Any images in the material are to be dropped while every line is retyped exactly.
*** Stored data ***
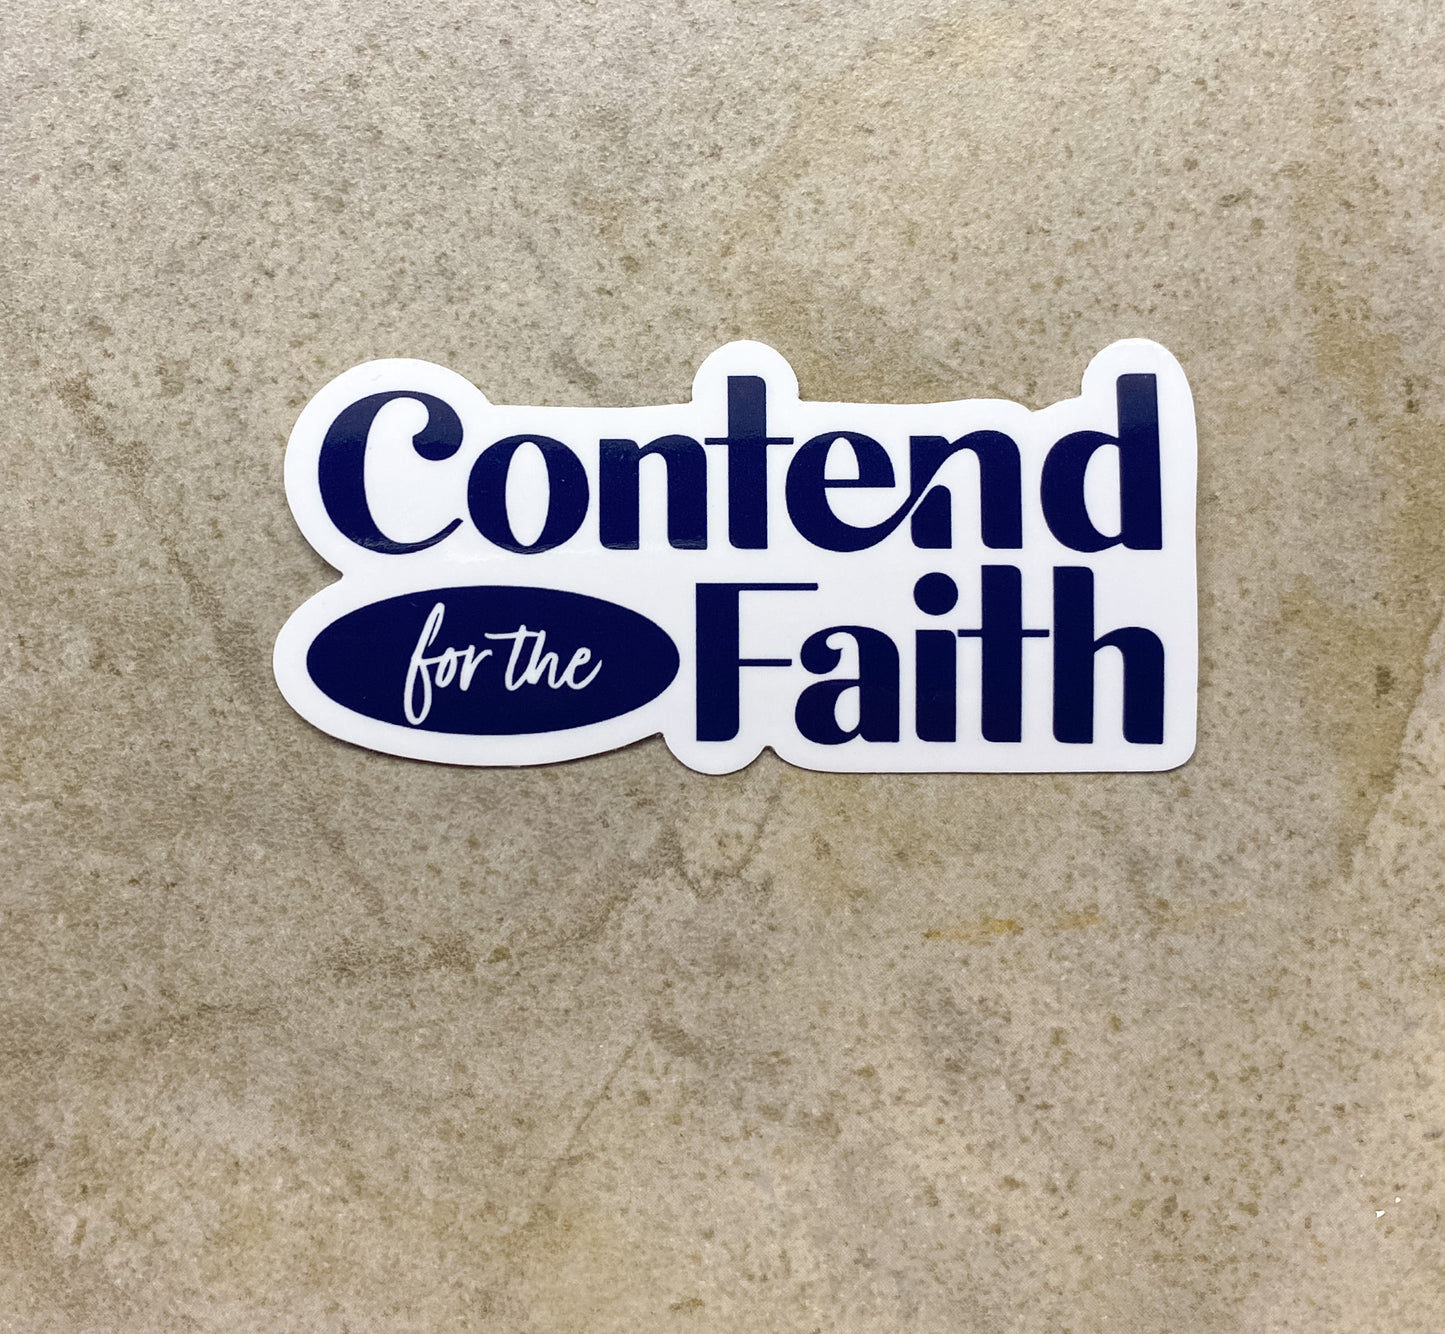 Contend for the Faith Sticker
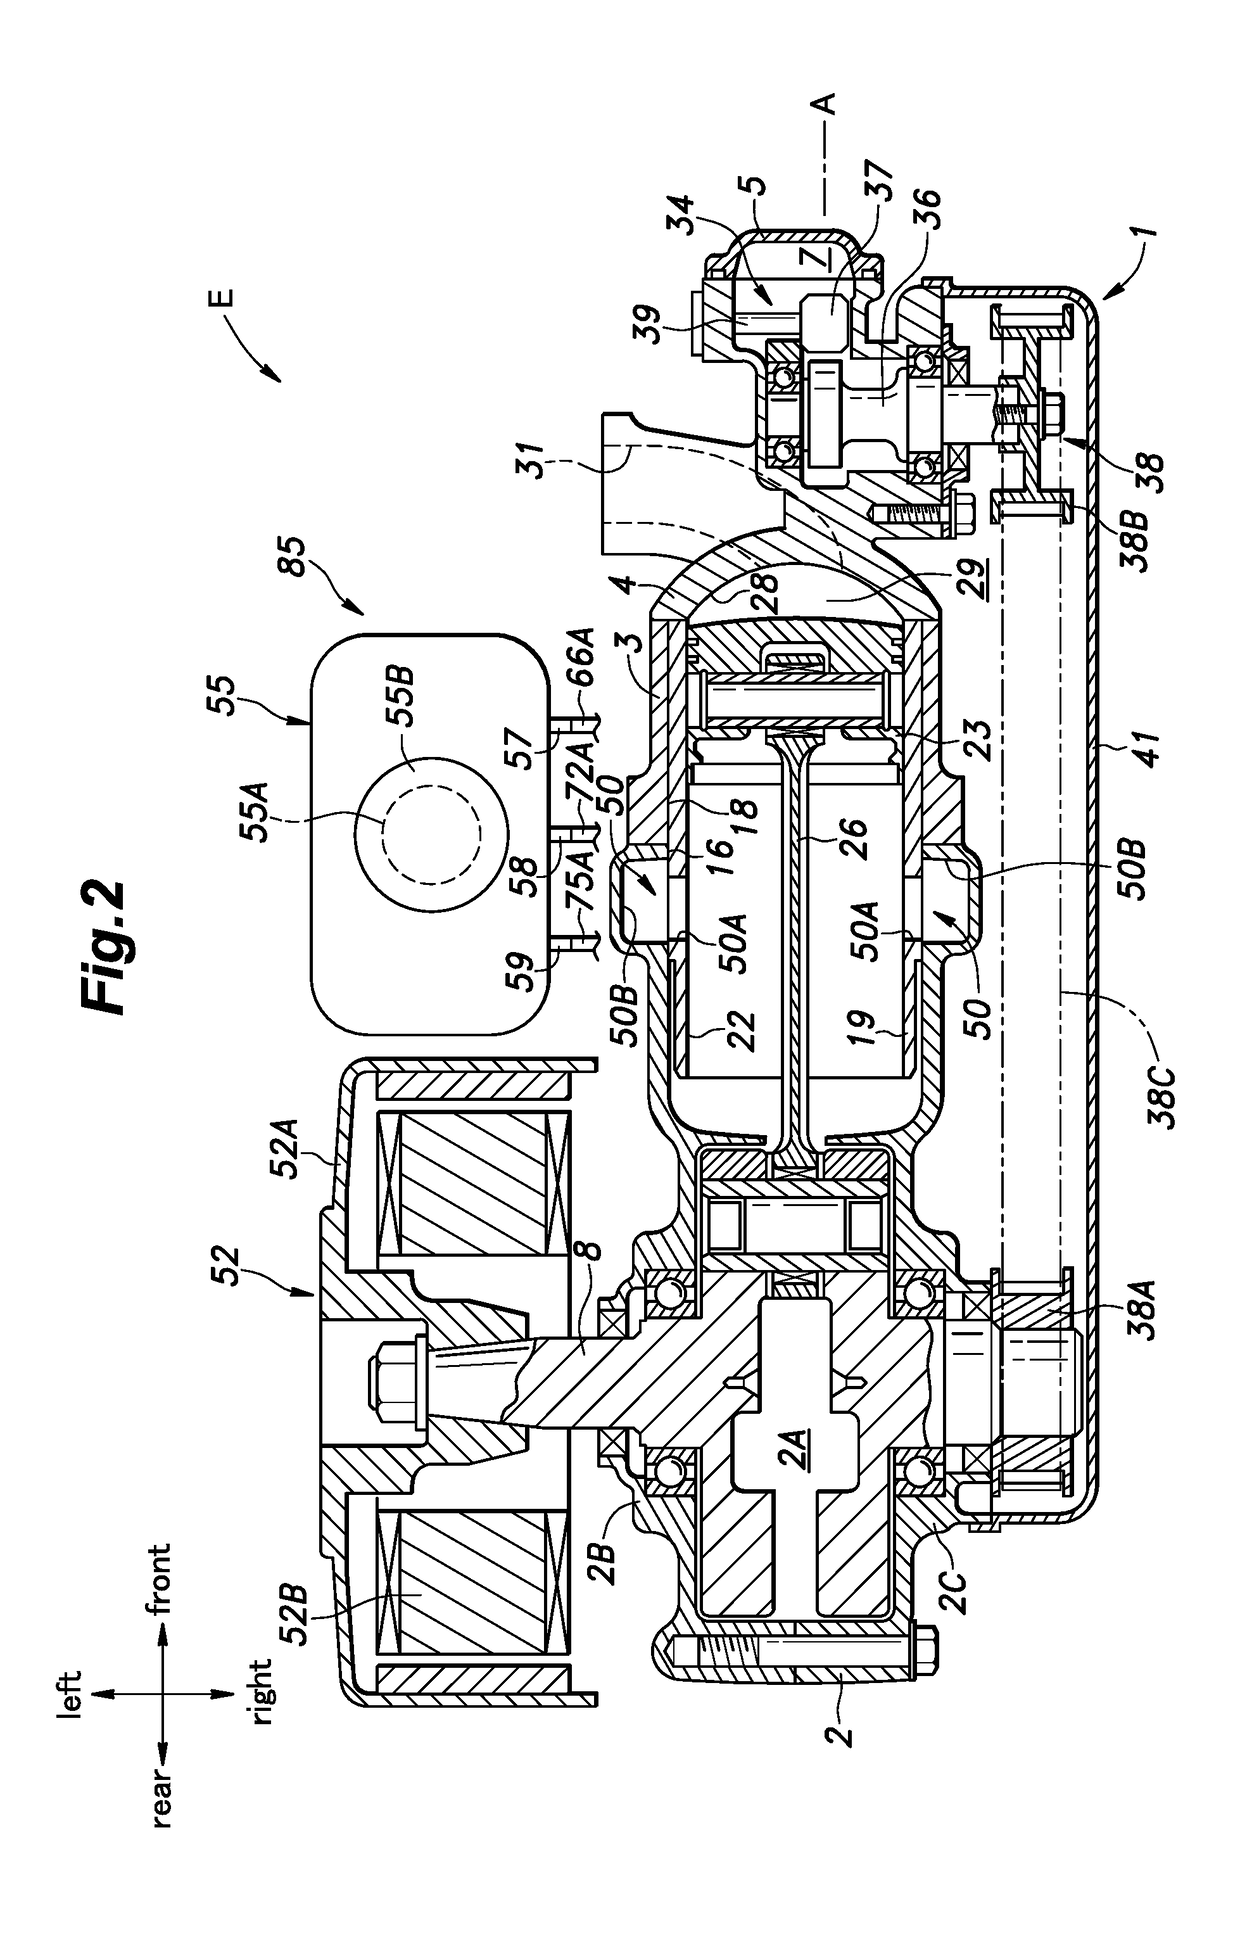 Lubrication system for internal combustion engine
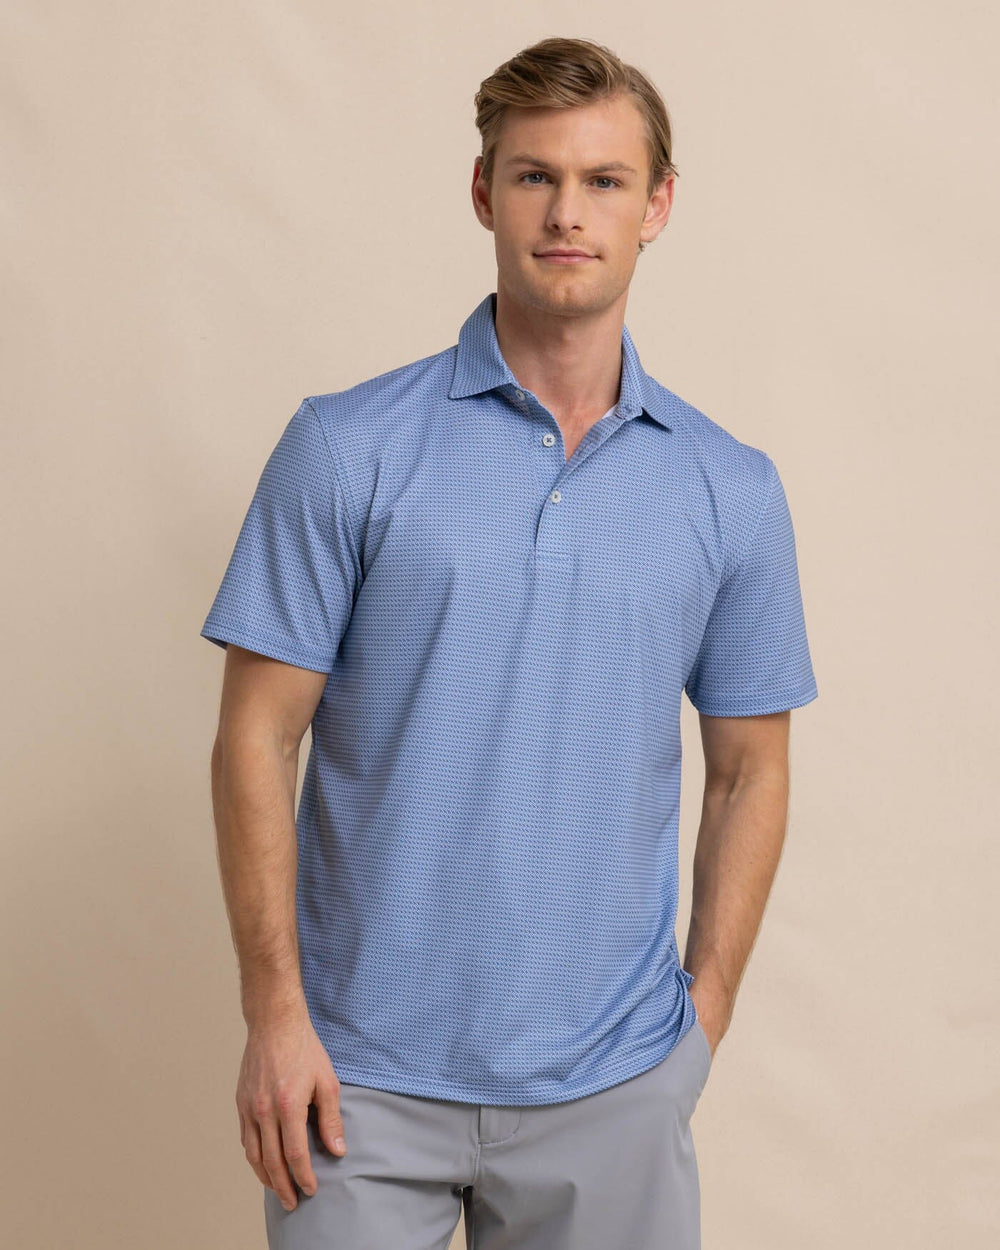 The front view of the Southern Tide Driver Getting Ziggy With It Printed Polo by Southern Tide - Coronet Blue
***
» Completed task:
 Contend for the Faith Sticker
 Lubrication system for internal combustion engine
 The front view of the Southern Tide Driver Getting Ziggy With It Printed Polo by Southern Tide - Coronet Blue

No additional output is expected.